Her çatışma mobbing değildir
İş hayatında yaşanan her olumsuz davranışın mobbing olarak değerlendirilmesinin doğru olmadığına işaret eden Sedef Koç Bal, “Kişilerarası ilişkileri yönetmede sorumluluk almaktan kaçınan veya kendini ifade etmekte güçlük çeken bazı kişiler, bireyin her söylem ve davranışını algılayabilir. mobbing olarak. Diğer bir olasılık da mobbinge maruz kaldığını düşünen veya yansıtan kişinin mağdur gibi görünerek ikincil kazanımlar elde etmesidir.” söz konusu.
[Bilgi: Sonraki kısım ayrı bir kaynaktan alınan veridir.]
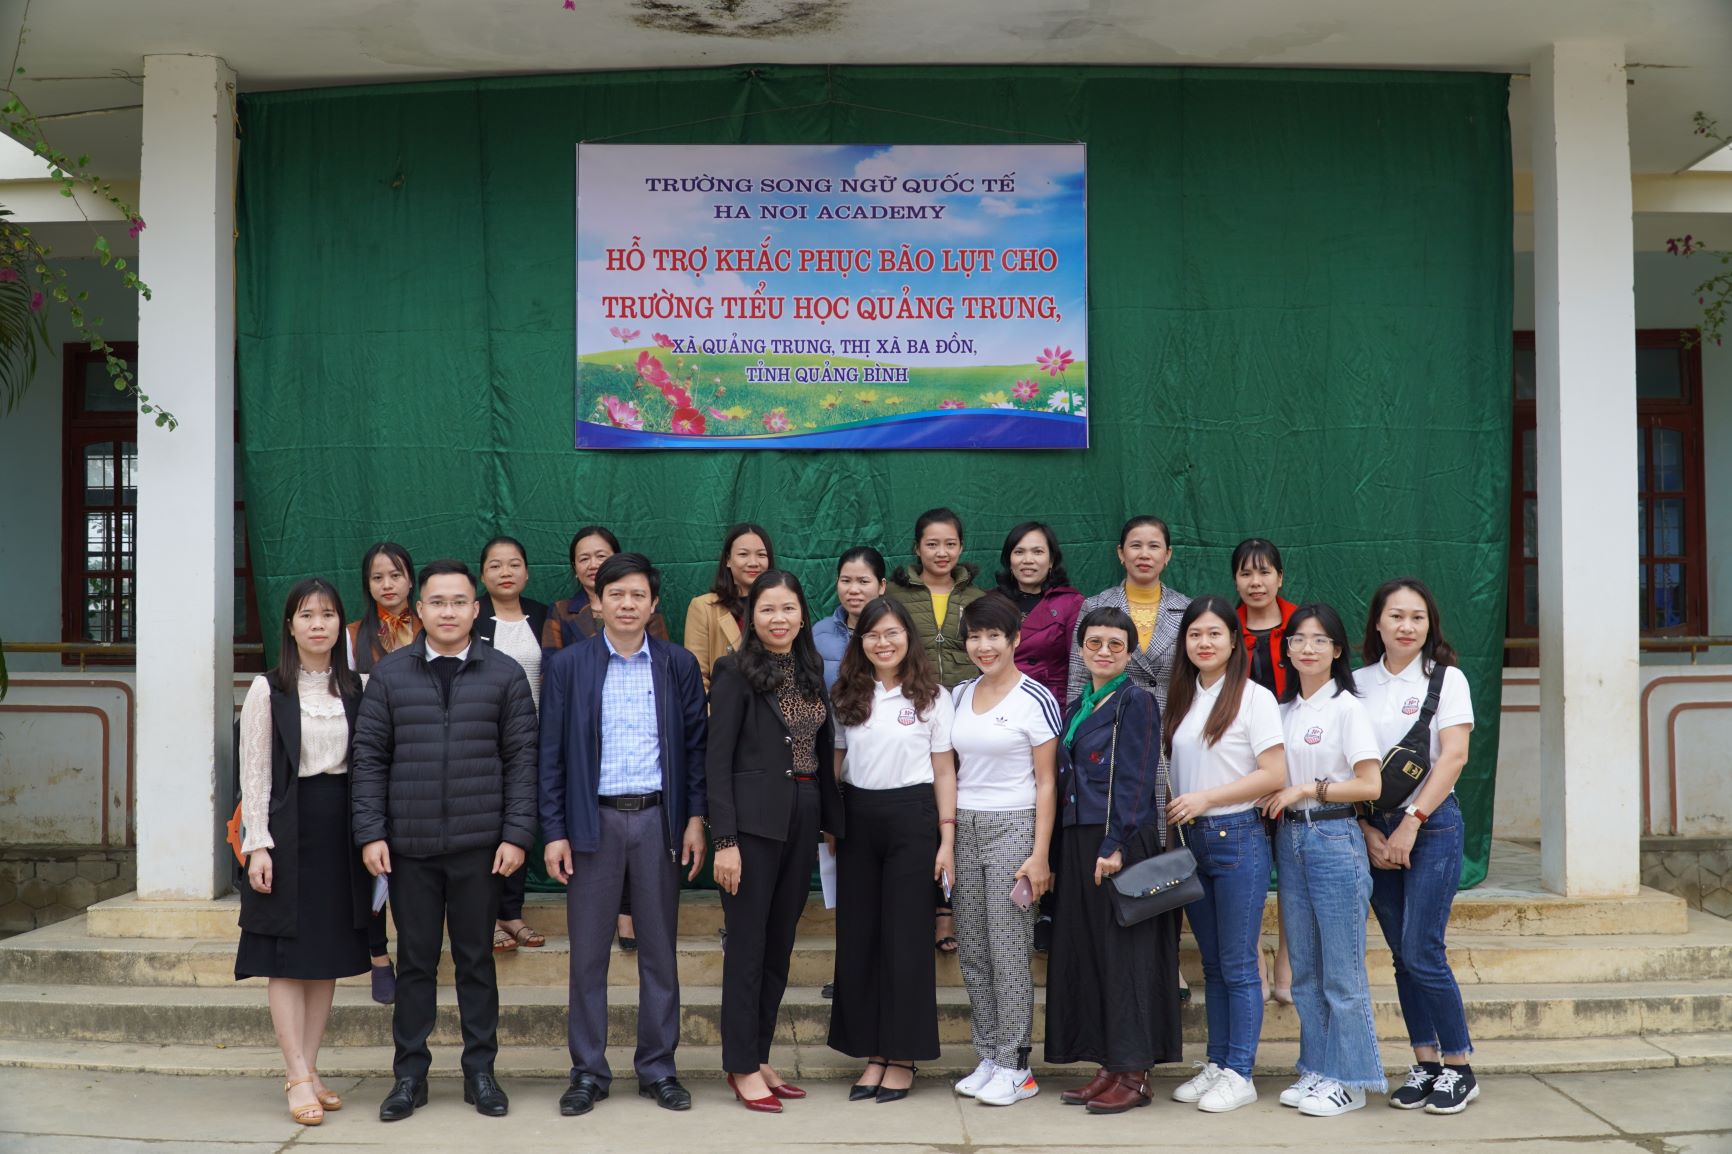 Chuyến đi từ thiện đến Quảng Bình đong đầy yêu thương của Hanoi Academy

Mobbing, eşit konumdaki kişiler arasında da görülebilir.
Mobbing’in bilinenin aksine sadece ast ve üstlere yani yukarıdan aşağıya tek taraflı bir davranış olarak gerçekleşmediğini vurgulayan Sedef Koç Bal, “Bazen iş yerlerinde çalışanlar arasında da gözlemlemek mümkündür. eşit konumda veya aşağıdan yukarıya bir hiyerarşide. Bu durumda sadece avantajlı kişinin değil, kişilik özelliklerine göre toplumsal uyumu sağlamakta güçlük çeken bireyin davranış kalıpları olarak düşünülebilir.” dedi.
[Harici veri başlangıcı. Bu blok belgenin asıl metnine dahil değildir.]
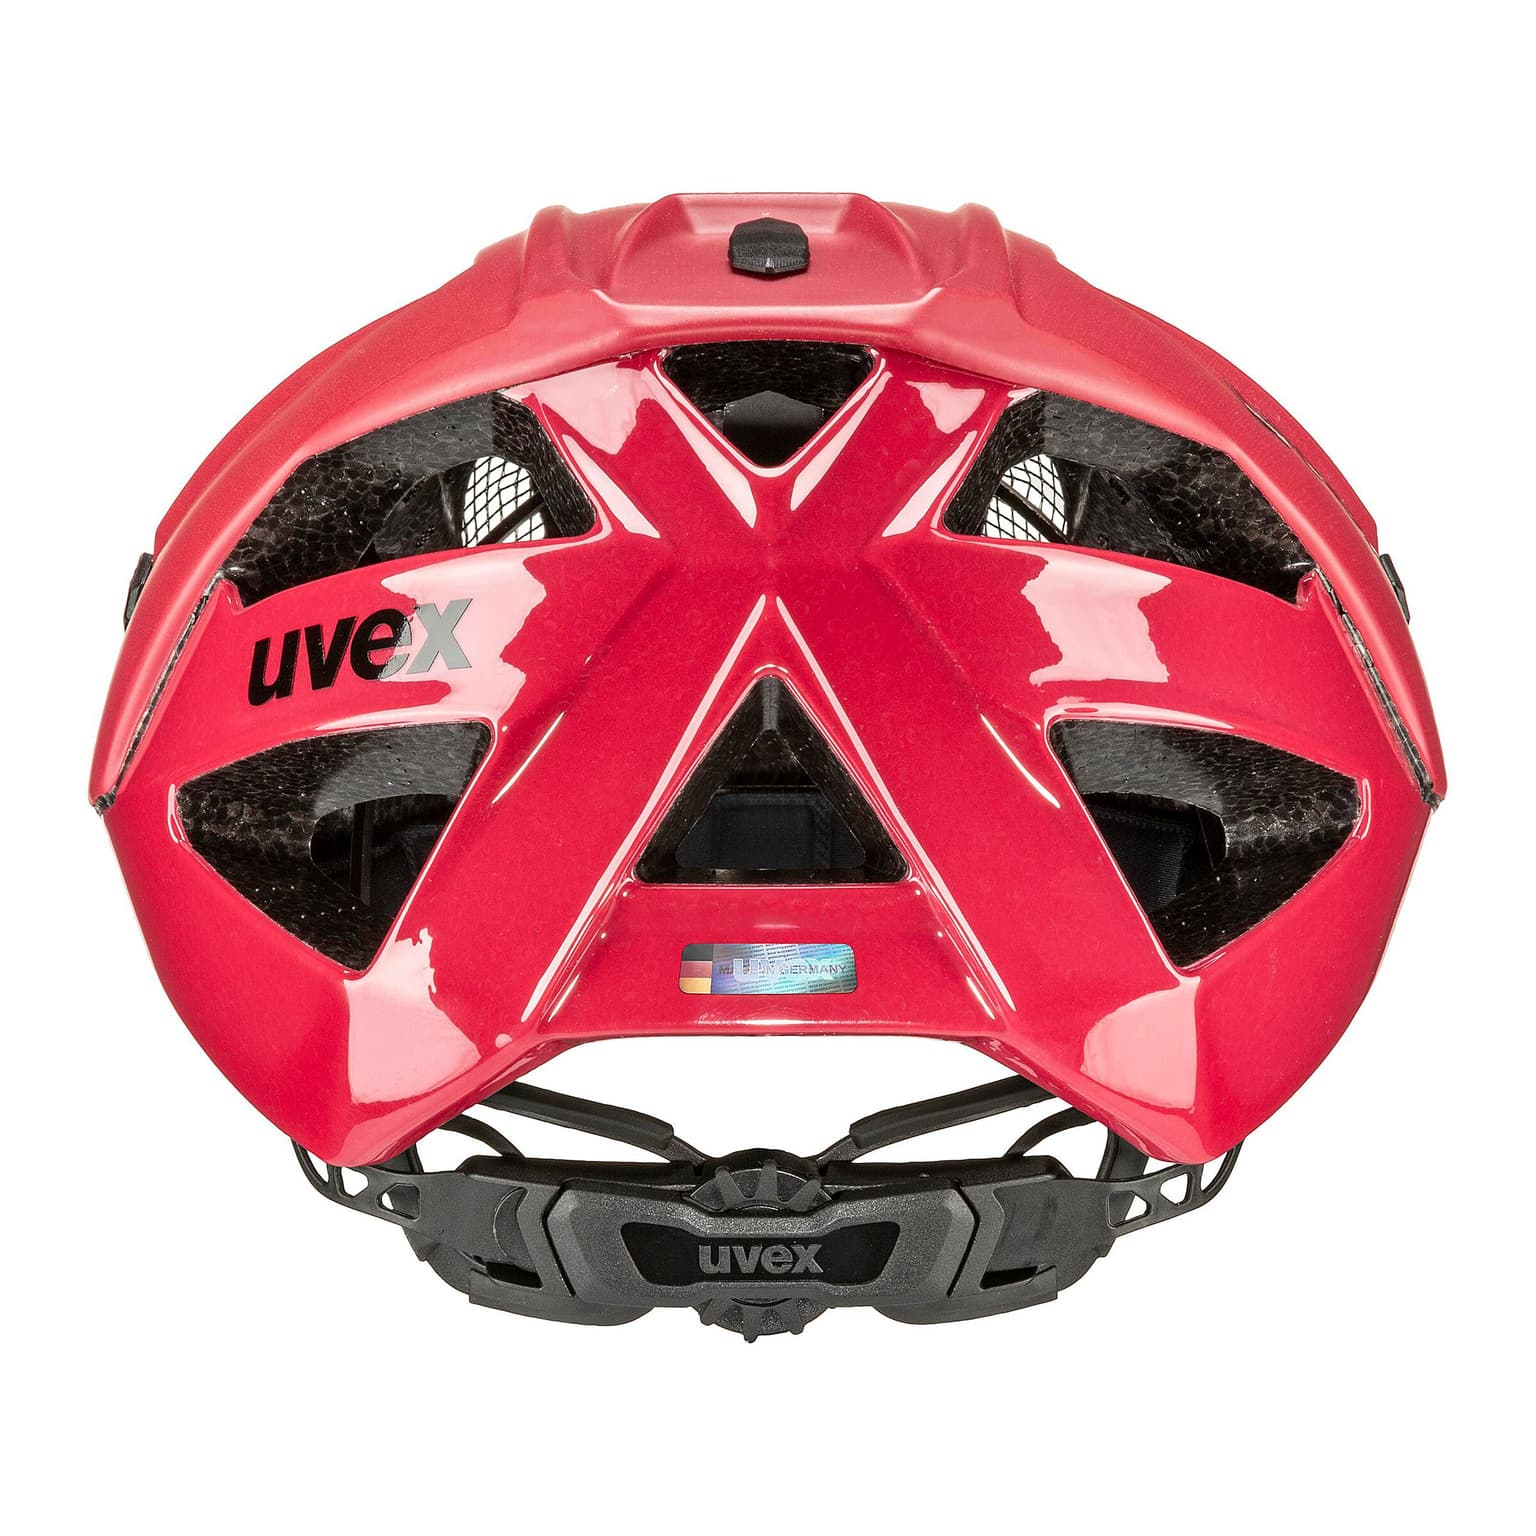 Uvex Uvex Quatro cc Velohelm rouge 5

Destek başvurusunda bulunanların saplantılı kişilik özellikleri vardır
Uzman Klinik Psikolog Sedef Koç Bal, mobbing ile baş edemeyerek hukuk sistemlerinden veya ruh sağlığı profesyonellerinden destek almak için kliniklere yapılan başvurular dikkate alındığında en çok başvurunun obsesif kişilik özelliklerine sahip ve ön planda olan kişiler tarafından yapıldığını belirtiyor. sorunlarıyla ilgilenen, adaletsizliğe tahammülü olmayan, adalete duyarlı, düzeni ve yönetmeyi seven. terazide olduğunu söyledi. Bal, “Tabii bu uygulamalar doğrudan bu kişilik özelliklerine sahip bireylerin mobbinge maruz kaldığını göstermeyebilir, bu kişiler sadece hukuka veya psikolojik desteğe daha sık başvuran ve değer sistemi kavramın mihenk taşı olan bireyler olabilir. adaletin.” söz konusu.
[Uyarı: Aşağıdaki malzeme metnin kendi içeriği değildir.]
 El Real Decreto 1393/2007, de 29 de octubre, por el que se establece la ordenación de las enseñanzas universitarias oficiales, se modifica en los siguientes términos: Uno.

Mobbinge kesinlikle müdahale edilmeli
“Psikolojik şiddet, bireyin hangi ortamda olursa olsun psikolojik dayanıklılığı açısından bir saldırı unsurudur” diyen Uzman Klinik Psikolog Sedef Koç Bal sözlerini şöyle tamamladı: “Mobbingin kurum tarafından fark edilmesi beklenir ve ayrıca sorunun müdahale edilerek çözülmesi beklenir.Anlaşılmadığını ve değer verilmediğini hisseden kimsenin o ortamda tam anlamıyla var olması ve iş sürecine katkı sağlaması gerçekçi bir beklenti olamaz.”